La grâce de l’ordinaire
Il y a quelques jours, je discutais avec une épouse d’une personne dépendante à la suite d’un AVC. Isabelle revenait de vacances, elle avait vu ses enfants, ses petits-enfants, des amis. Elle avait vécu quelque chose de léger, de bon et s’était nourrie de tendresse, ce que lui donne trop peu son mari qui accepte difficilement son handicap et ses limites. Elle avait vécu un moment tout autre, extra-ordinaire, et en témoignait avec gratitude.
Malgré cela le retour de vacances était difficile. Cette épouse avait un « coup de mou ». Reprendre les soins du quotidien, avoir comme seul interlocuteur un mari qui a perdu le dialogue, tout cela suscitait en elle une profonde tristesse. Qui pourrait la blâmer ? Certaines situations liées à la maladie, au handicap, à la fragilité demandent des trésors d’énergie. Je pense vraiment à Isabelle avec émotion et aussi à toutes les personnes qui vivent quelque chose de similaire.

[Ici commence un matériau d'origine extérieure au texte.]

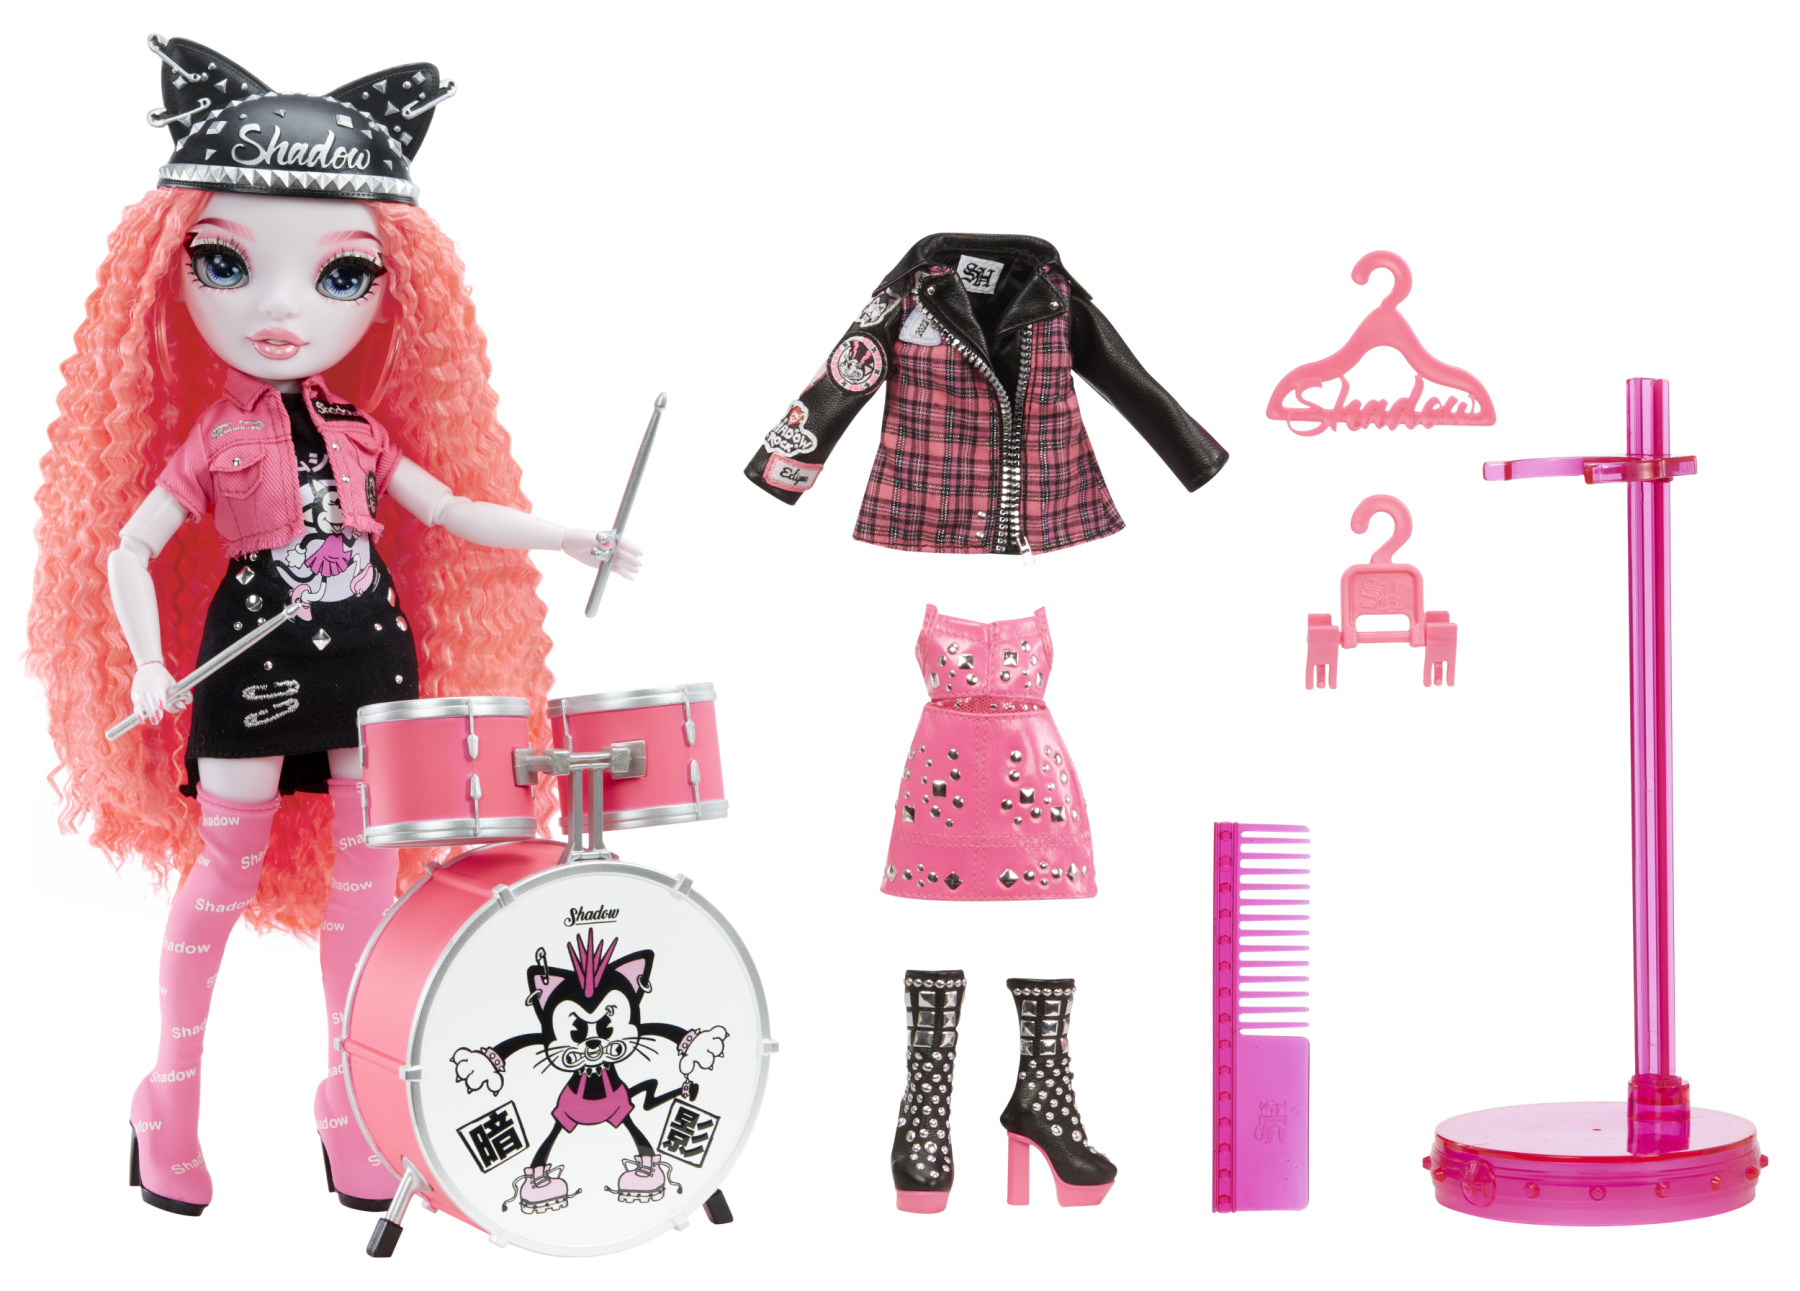 Shadow high rainbow vision neon shadow - mara pinkett - bambola alla moda rosa elettrico, accessori per rock band e outfit - Rainbow High

Nous avons partagé toutes les deux, comme nous le faisons régulièrement et ce jour-là, je lui ai parlé de la grâce du quotidien qu’on peut sans cesse demander. Ce fut l’occasion d’un bel échange. Elle m’a partagé ce qui l’émerveillait.
Simon : Que retenez-vous de cet échange amical ?
C’est bien humain, Simon, de ne vouloir s’entourer que de bonnes choses. C’est bien normal de vouloir s’installer dans du beau et du léger. C’est heureux de vivre des choses extraordinaires. Et si les vacances ont pu nous donner un peu de cela, réjouissons-nous. Mais voilà, souvent, cela ne dure qu’un temps. Et le chapitre 3 de l’Ecclésiaste nous rappelle qu’il y a un temps pour tout. (un temps pour démolir et un temps pour construire, un temps pour pleurer et un temps pour rire, un temps pour se lamenter et un temps pour danser …). Isabelle, cette épouse m’invite, et peut-être, nous tous collectivement, à cultiver la joie du quotidien, à aimer l’instant présent, à vivre l’extraordinaire dans l’ordinaire pour que les épreuves ou les découragements ne nous rendent pas amers.
Christian Bobin, écrivain et poète, écrit sur la beauté simple du quotidien. Il parle de l’importance de chercher sans vouloir réussir et de l’émerveillement dans l’ordinaire des jours. Sainte Thérèse, elle, de son côté disait : « Pour aimer, je n’ai rien qu’aujourd’hui ». Christian Bobin et St Thérèse, tous les deux, à leur façon, nous invitent aussi à vivre l’aujourd’hui, le quotidien, dans l’assurance qu’il peut se passer quelque chose de bon, qu’il y a du beau dans l’ordinaire.
Difficile parfois d’entrer dans la grâce du quotidien. Alors, encourageons-nous les uns les autres, à repérer chaque jour, cette grâce.
Et pourquoi ne pas commencer tout de suite ? L’accueil chaleureux que vous m’avez réservé, Simon, sur ce plateau, pour cette première chronique, me fait entrer dans la grâce de ce jour.